The Communist Party USA (CPUSA) first charged Roosevelt with being fascist less than two months after he took office. On May Day, 1933, the CPUSA ran a series of newspaper advertisements denouncing "the whole Roosevelt program of preparation for fascism and war" and calling Roosevelt a "fascist dictator". The ads' examples of alleged fascist activities included "forced labor for the unemployed" and harsh tactics against striking farm workers in California. Scholar Paul Kengor wrote that the charges were ridiculous.[33] Richard Hofstadter noted that critics from the left believed "that the NRA was a clear imitation of Mussolini's corporate state".[34]

Left-liberal publications such as The Nation and The New Republic worried that the Civilian Conservation Corps' (CCC) integration with the military could start a transformation to a fascistic society. While the CCC was operated by the military and had some militaristic aspects, the Roosevelt White House allayed these fears by emphasizing the CCC's civilian character. Unlike its German counterpart, the CCC was never a compulsory service.[35]

While not believing that Roosevelt was a fascist, Socialist Party leader Norman Thomas noted that the fascist leaders of Europe were state capitalists much like he claimed Roosevelt of being. Thomas also criticized Roosevelt for not coming to the aid of Upton Sinclair during the 1934 California gubernatorial election where Sinclair was subject to negative campaigns from the Republican Party funded by Hollywood movie moguls.[36]

Critics on the right

Conservatives have made the most significant criticisms of Roosevelt and have been keeping up with these criticisms for decades. They warned of "regimentation". They made cautionary comparisons of Roosevelt's economic programs to communism and fascism, to which Roosevelt responded in a June 1934 Fireside Chat by saying that the critics were motivated by self-interest and that everything he did was within the United States' political tradition.[37] Roosevelt was a pragmatist who had studied under William James at Harvard College. As a pragmatist, Roosevelt was willing to consider various sources of ideas for social experiments.[38]

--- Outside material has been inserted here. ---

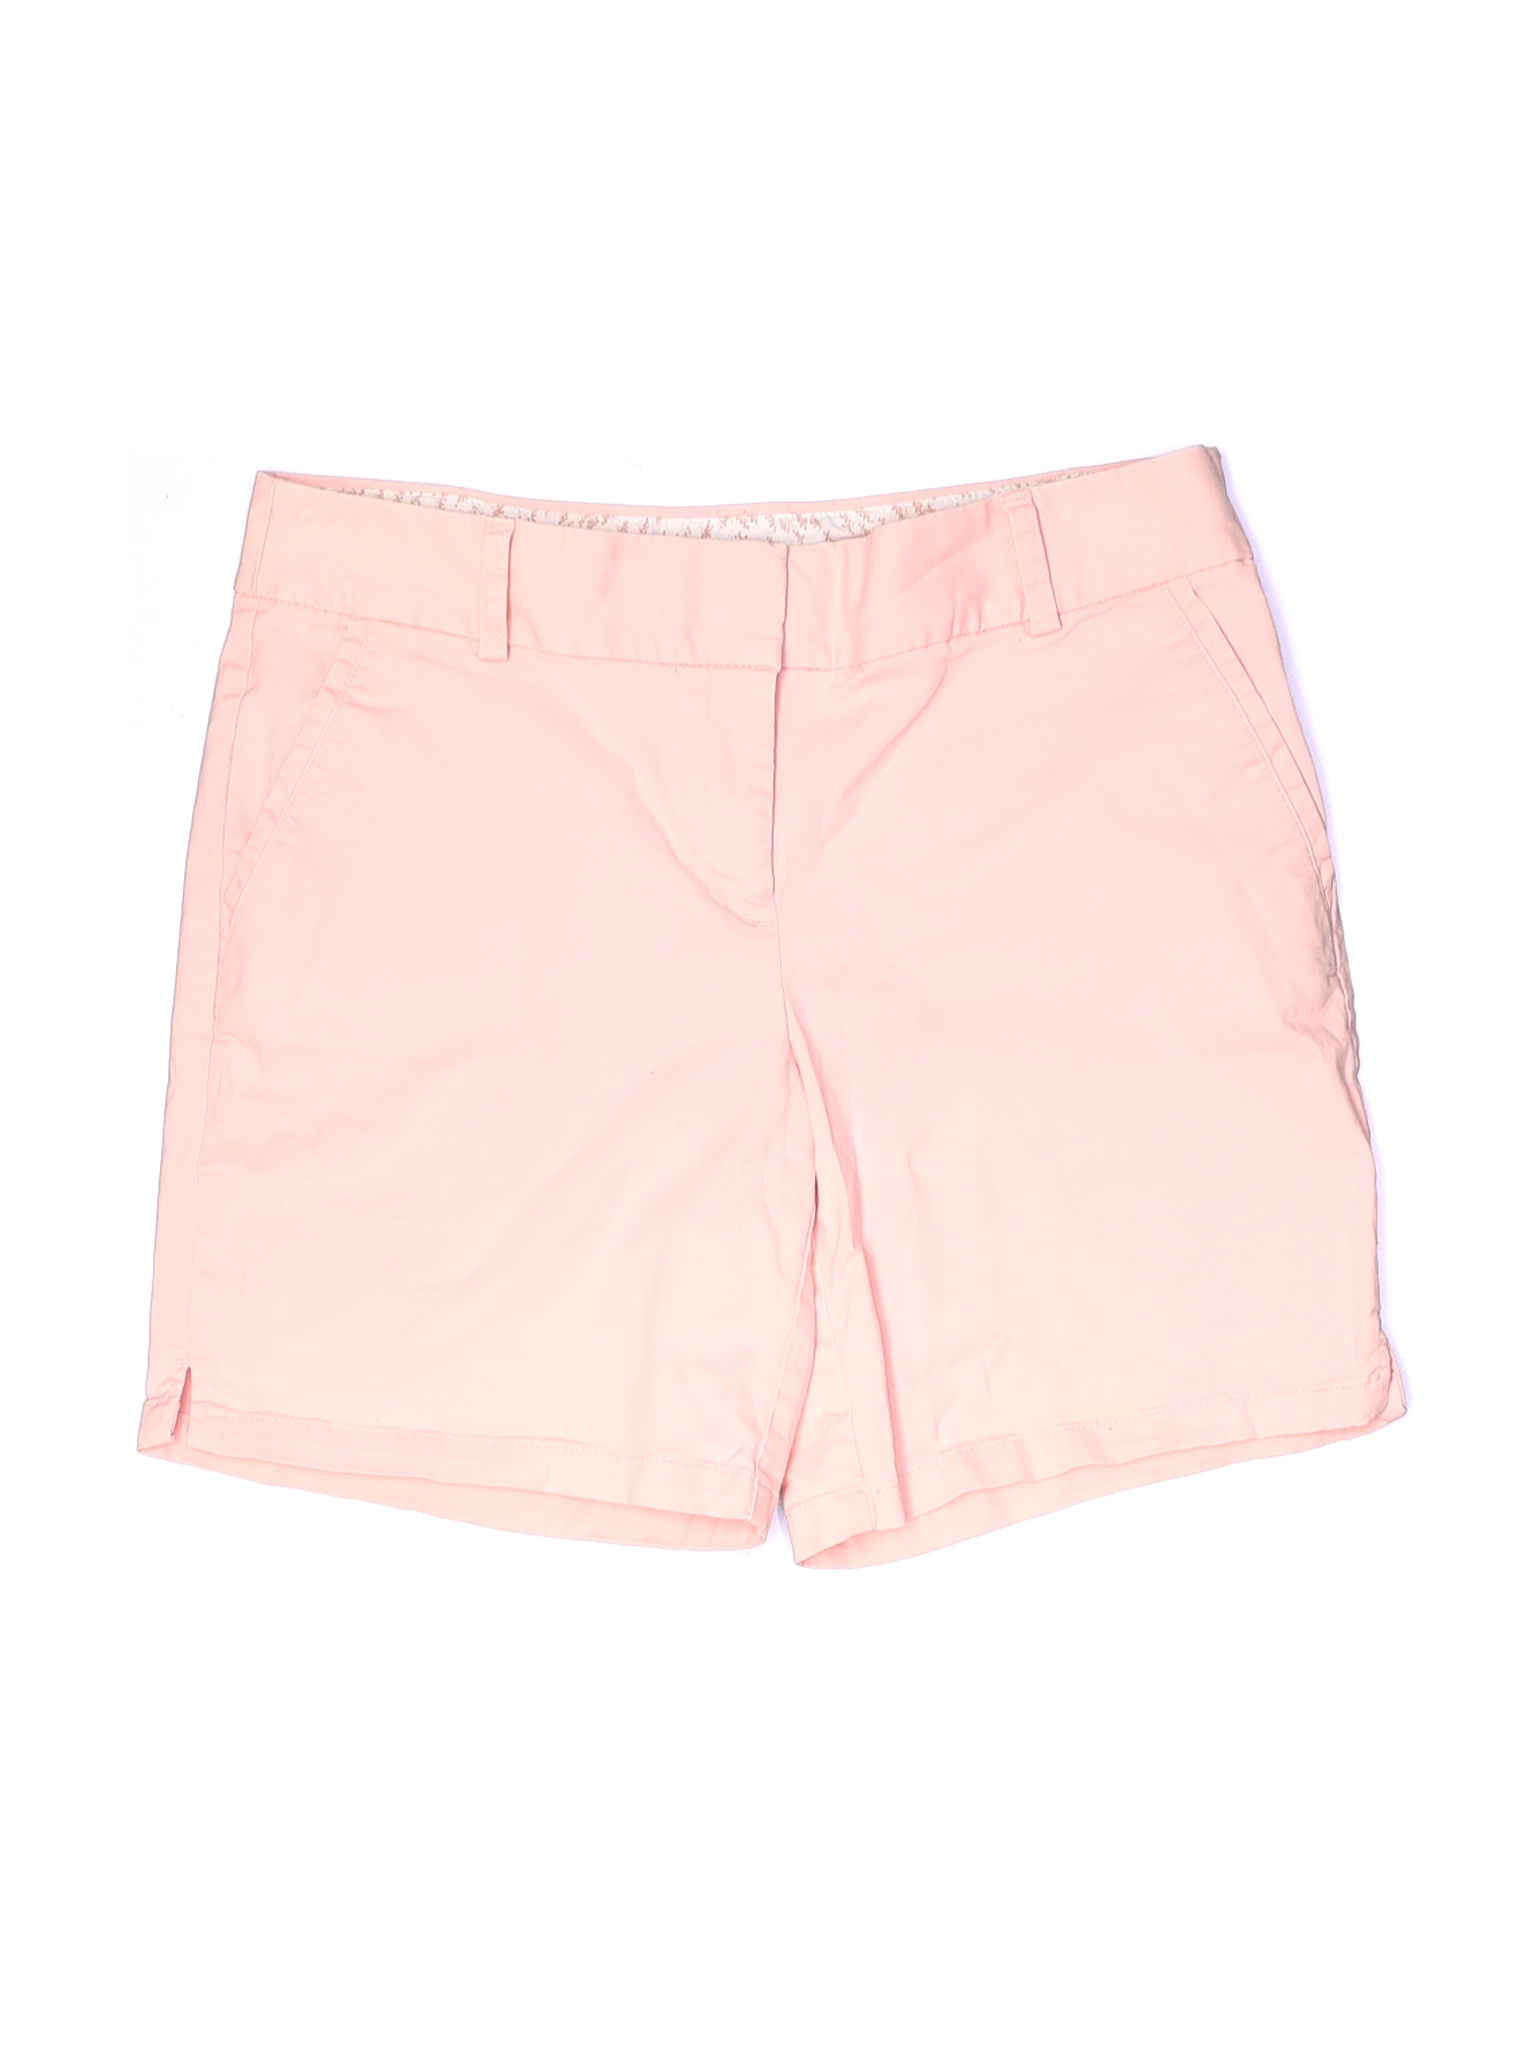 Ann Taylor LOFT Women Pink Dressy Shorts 10 | eBay
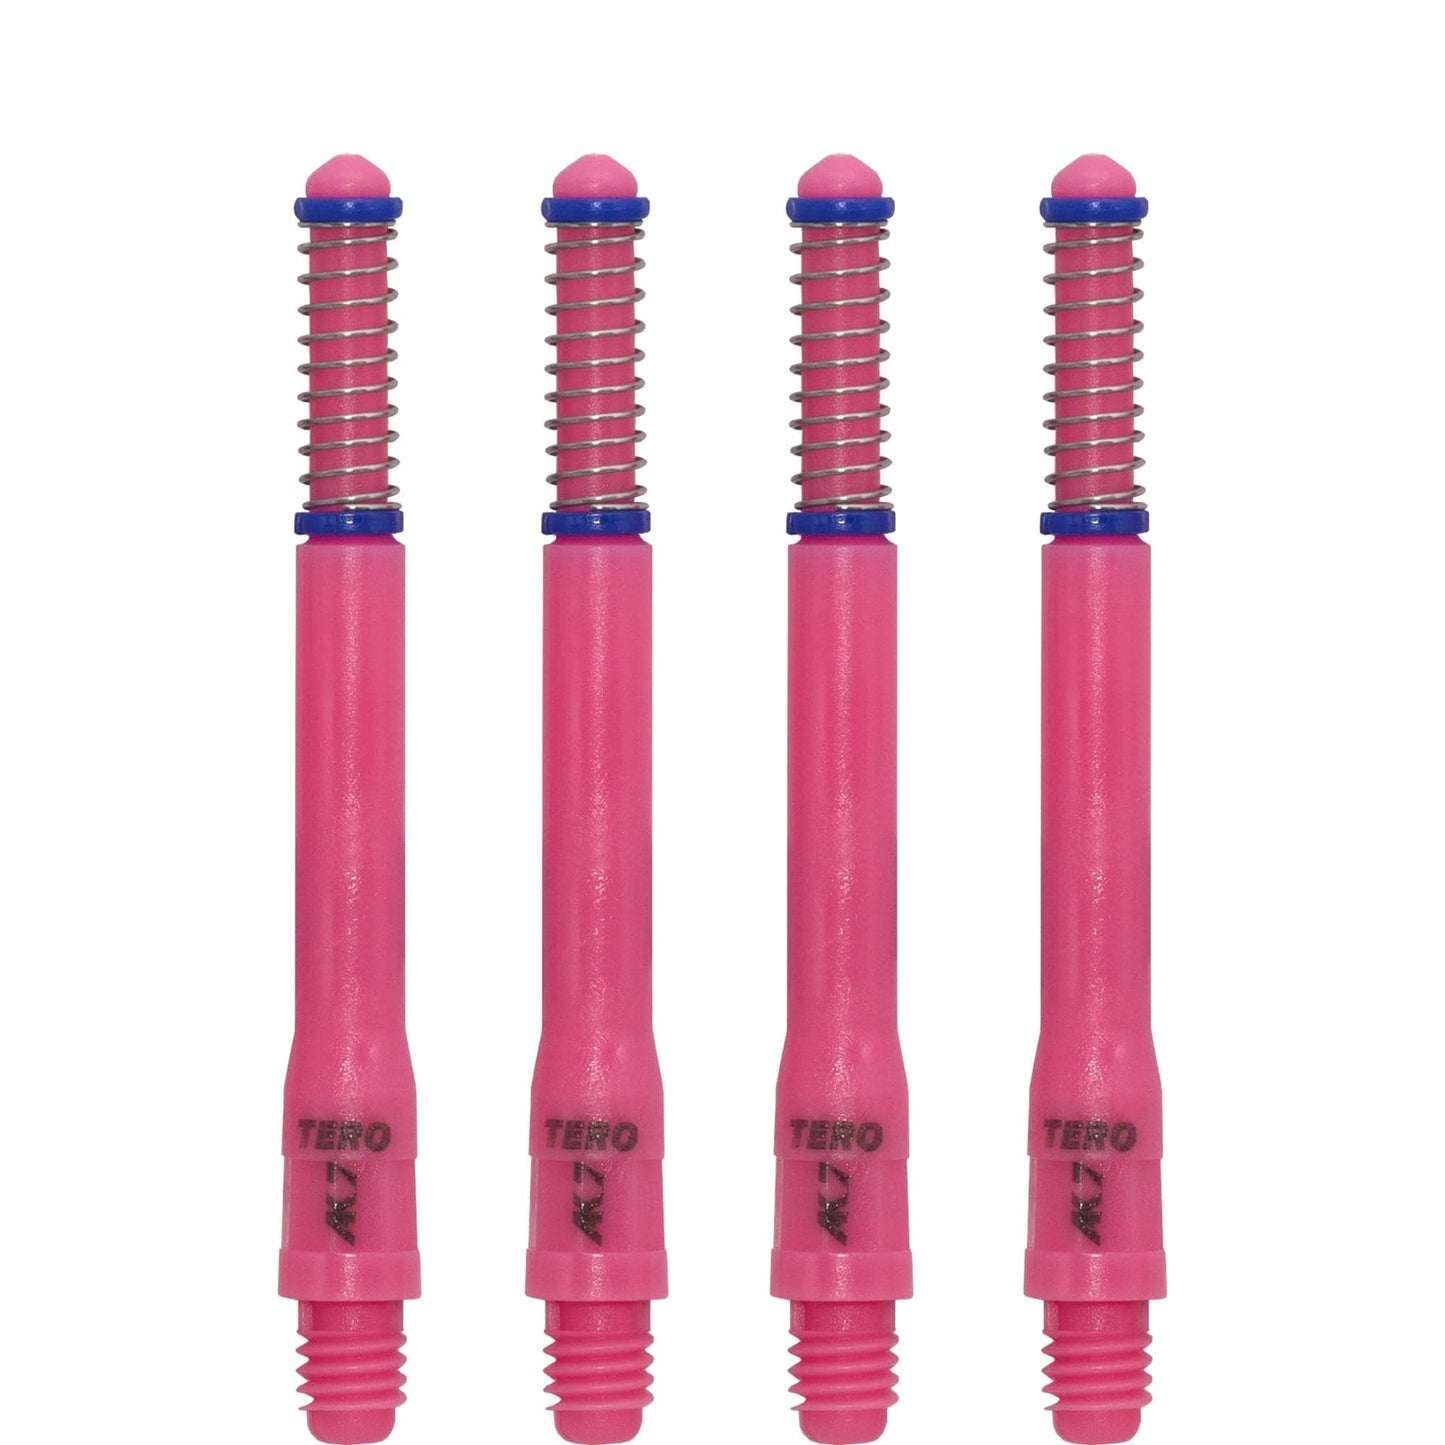 Cuesoul - Dart Shafts - Tero Flight System - AK7 - Standard - Set of 4 - Pink Cuesoul 47mm

The most prominent of Roosevelt's critics in regards to fascism was Herbert Hoover, who saw a connection between the National Industrial Recovery Act (NIRA) and the "Swope Plan", named after Gerard Swope. Hoover was an ardent supporter of trade associations, but saw the Swope Plan as fascistic because of its compulsory nature.[32] Historian George H. Nash argues:

Unlike the "moderate," internationalist, largely eastern bloc of Republicans who accepted (or at least acquiesced in) some of the "Roosevelt Revolution" and the essential premises of President Truman's foreign policy, the Republican Right at heart was counterrevolutionary. Anti-collectivist, anti-Communist, anti-New Deal, passionately committed to limited government, free market economics, and congressional (as opposed to executive) prerogatives, the G.O.P. conservatives were obliged from the start to wage a constant two-front war: against liberal Democrats from without and "me-too" Republicans from within.[39]

The Old Right emerged in opposition to the New Deal of President Roosevelt and Hoff says that "moderate Republicans and leftover Republican Progressives like Hoover composed the bulk of the Old Right by 1940, with a sprinkling of former members of the Farmer-Labor party, Non-Partisan League, and even a few midwestern prairie Socialists".[40]

Historians compare the New Deal to policies which were implemented in Europe

The Swope Plan was the starting point for the drafting of the NIRA and in no way was it modeled on policies which were implemented in Europe. Many prominent businessmen had participated in the writing of it. However, Hoover denounced the Swope plan as monopolistic and refused to support any proposal made by the Chamber of Commerce, though it was widely praised by American businessmen and academics.[41][42] The Swope Plan was corporatist, but far less extensive than fascist corporatism. Historian John A. Garraty said that the NIRA was "similar to experiments being carried out by the fascist dictator Benito Mussolini in Italy and by the Nazis in Hitler's Germany. It did not, of course, turn America into a fascist state, but it did herald an increasing concentration of economic power in the hands of interest groups, both industrialists' organizations and labor unions". Garraty said that another influence was the concept of the corporate state, where capitalists and workers, supervised by the government, worked out problems to avoid wasteful competition and dangerous social clashes.[43] Historian Ellis Hawley reviewed the legislative history of the NIRA. A key member of the Brains Trust, Raymond Moley, led efforts to review industrial recovery plans. Another significant influence was Hugh S. Johnson, who drew on his experience with the war industries board.[44] Popular historian Amity Shlaes stated:

The NIRA was the consummation of a thousand articles and a thousand trends. It was the ideas of Moley, the trade unions, Stuart Chase, Tugwell, Stalin, Insull, Teddy Roosevelt, Henry Ford, and Mussolini's Italian model all rolled into one.[45]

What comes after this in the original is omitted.